Die Moyländer Episoden sind dritter Teil eines Zyklus. Schon 2009 legte Stücke das „Paris, Album I“ vor, „Paris, Album II“ folgte 2013. „Paris, Album III“, also die „Moyländer Episoden“, bilden den Begleitkatalog zur Ausstellung. Schon das von Stücke gezeichnete Vorsatzblatt des 239 Seiten starken Buches zeigt seinen besonderen Blick auf die Welt, um die es geht.

In ovalen Medaillons der „Reizleitungen des europäischen Nervensystems“ sind große Denker mit ihren Lebensdaten verzeichnet. Daneben stehen Anmerkungen zu ihren hauptsächlichen Überlegungen. Mit energischen Pfeilen schafft Stücke Verbindungen zwischen den Denkgebäuden. Und genau diese Verbindungen sind auch Inhalt seiner Zeichnungen.

Voltaire und Friedrich II. begegneten sich auf Schloss Moyland. Diese Begegnung ist Jahrhunderte später Thema einer Novelle des Krefelders Otto Brües. Moyland ist nicht nur Ort der ersten Begegnung der beiden — die Stiftung Museum Schloss Moyland besitzt heute die größte Sammlung an Werken von Joseph Beuys. „Beuys ist von der französischen Revolution fasziniert, er hat sich früh mit einzelnen Akteuren identifiziert.
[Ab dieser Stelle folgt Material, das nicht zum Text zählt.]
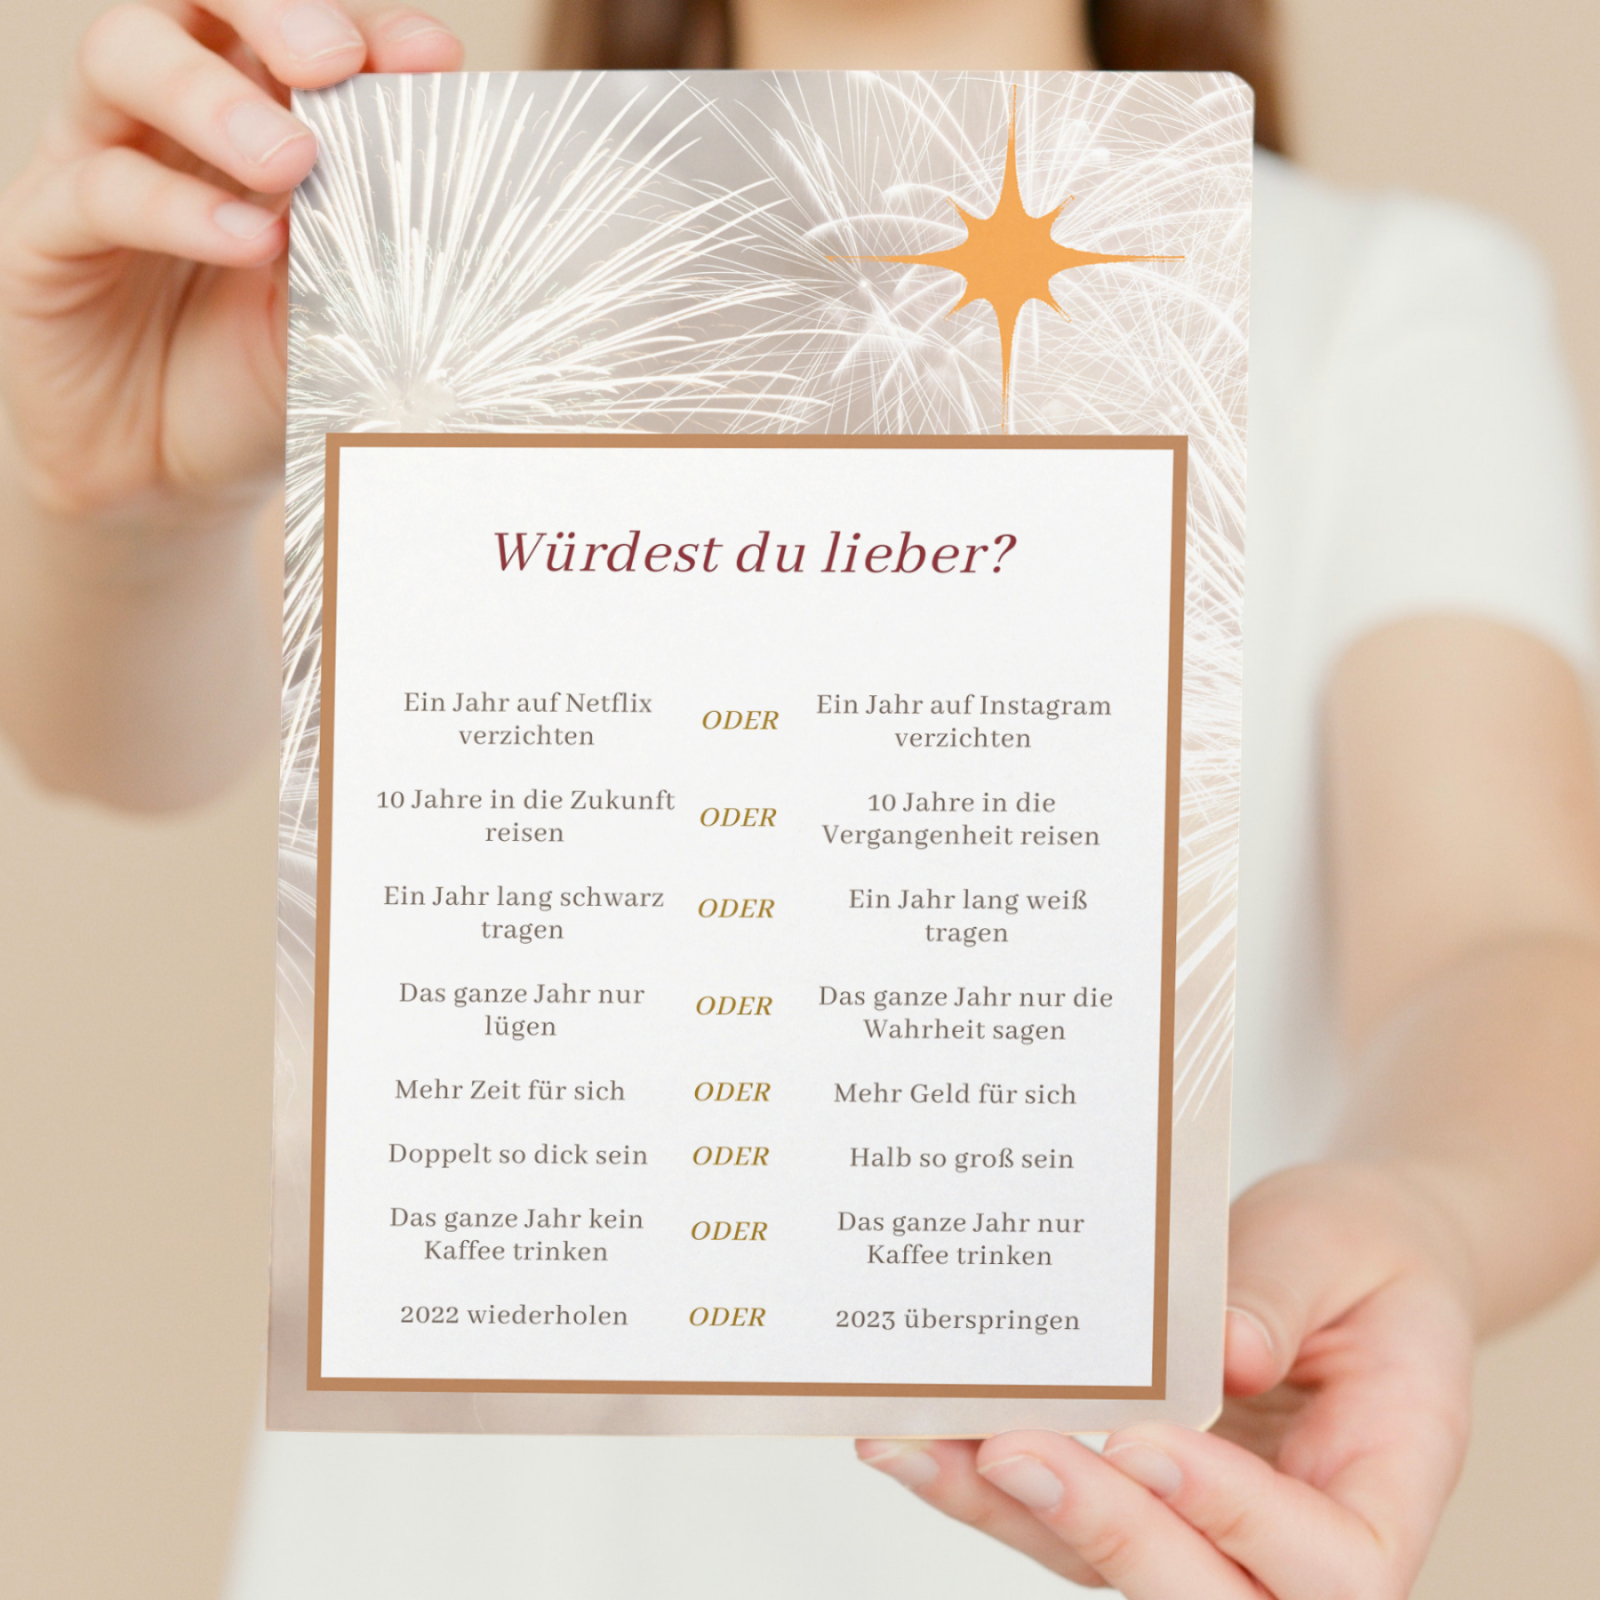 Partyspiel Würdest du lieber Silvesteredition - lustiges Spiel zum Download PDF Datei 2

Von der Aufklärung führt ein direkter Weg zu seinem Kunstverständnis“, sagt Stücke. Somit verbindet alle drei ihr in der Aufklärung verwurzeltes Gedankengut eines europäischen Geistes und der Traum von einer Verbesserung der Welt.

Friedrich und Voltaire wollen die Idee der Aufklärung in die Praxis umsetzen, Beuys durch seine Ideen und mit Hilfe seiner Sozialen Plastik den Menschen und die Gesellschaft verändern. Jochen Stücke zeichnet also Friedrich in seiner Kutsche, das Treffen mit Voltaire; Brües’ Arbeitszimmer und Beuys als Schatten darin. Die Räume verbinden die Menschen, die Chronologie wird ausgeschaltet.

Stückes Zeichnungen sind voller Anspielungen, Assoziationen; mit jeder Arbeit weist er wieder in eine neue Richtung und schickt die Augen und Gedanken und unbekannte Gefilde. Vorangestellt sind ein ausführliches Vorwort und ein informatives Gespräch mit dem Künstler.

Das dreisprachige Katalogbuch ist mit Texten von Sylvie Le Ray-Burimi, Jochen Stücke und Barbara Strieder erschienen. Es ist im Museumsshop für 29 Euro erhältlich.